In our study, THBS2 G > T, revealed no significant difference in the distribution of GG genotype between cases (80%) and controls (79.47%) (p = 0.894). Similarly, the GT genotype does not show a significant association with the disease (17.93% in cases vs. 18.54% in controls, unadjusted OR = 0.961, p = 0.670). Adjusting for confounding factors resulted in a non-significant adjusted OR of 1.24 (95% CI 0.457–10.881). The TT genotype also displayed no significant association (2.07% in cases vs. 1.99% in controls, unadjusted OR = 1.034, p = 0.967), with an adjusted OR of 0.84 (95% CI 0.065–10.881). Allele comparison for G* and T* showed no significant differences between cases and controls (G*: 88.97% vs. 88.74%, T*: 11.03% vs. 11.26%, p = 0.59). The unadjusted OR for allele comparison was 0.868 (95% CI 0.519–1.451), indicating no significant association with the disease. Contrastingly, Boekholdt SM et al. study on the THBS-2 gene revealed a different pattern. Among 1028 individuals, they observed a GG genotype prevalence of 6.7%, GT genotype prevalence of 35.7%, and TT genotype prevalence of 57.2%. Statistical analyses indicated a significant association between GG and TT genotypes (0.58, p = 0.048), suggesting distinct outcomes for individuals with these genotypes. The GT genotype did not show significant associations with the outcome compared to TT (0.89, p = 0.33). While the combined effect of GG and GT genotypes versus TT showed a trend towards association (0.84, p = 0.15), statistical significance was not achieved at the conventional threshold [12]. Additionally, study by Koch et al. investigated the THBS2 gene variant rs8089, showing a prevalence of the TT genotype in 56.7%, TG in 37.3%, and GG in 6.0%. Notably, the study reported statistically significant differences in allele frequencies between groups (p = 0.054 for TT genotype and p = 0.027 for T allele), suggesting a potential association between the rs8089 variant and the studied populations [13].

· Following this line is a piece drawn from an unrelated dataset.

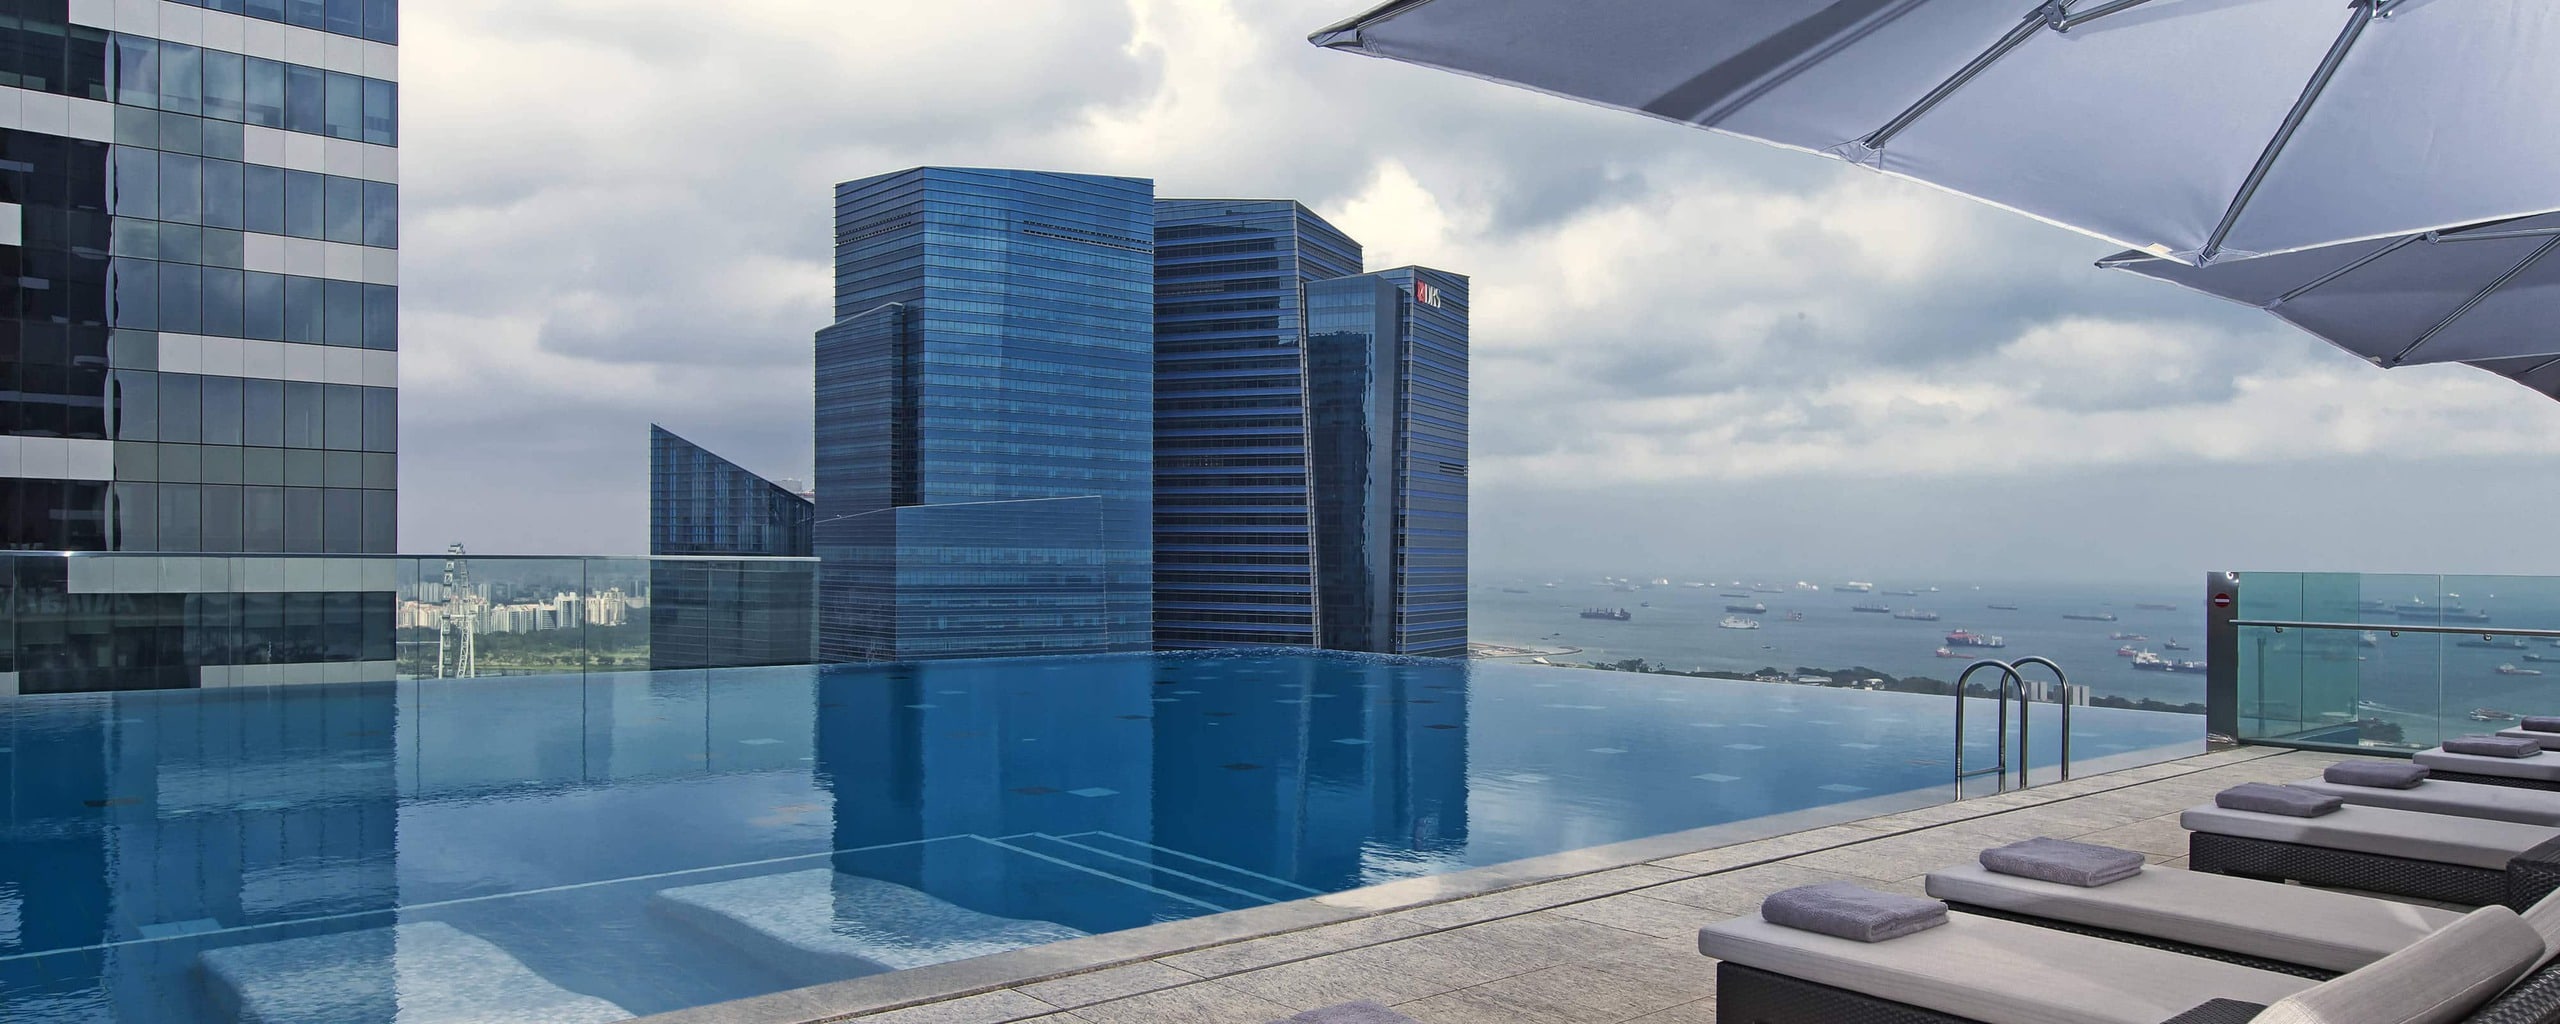 The Westin Singapore rooftop pool

It is essential to note that the roles of THBS-1 and THBS-2 in CAD are still under investigation, and the precise mechanisms through which they contribute to the disease process remain incompletely understood. Further research is required to fully elucidate their functions and explore potential therapeutic implications in the context of CAD.

Conclusion

In conclusion, the study suggests that age, serum cholesterol, HDL, VLDL, and LDL are associated with CAD in the Indian population. However, triglyceride and serum creatinine levels, as well as the studied THBS1 and THBS2 genetic polymorphisms, do not show significant associations with CAD in this specific group. Further research and larger sample sizes may be needed to validate these findings and explore other potential genetic factors related to CAD in this population.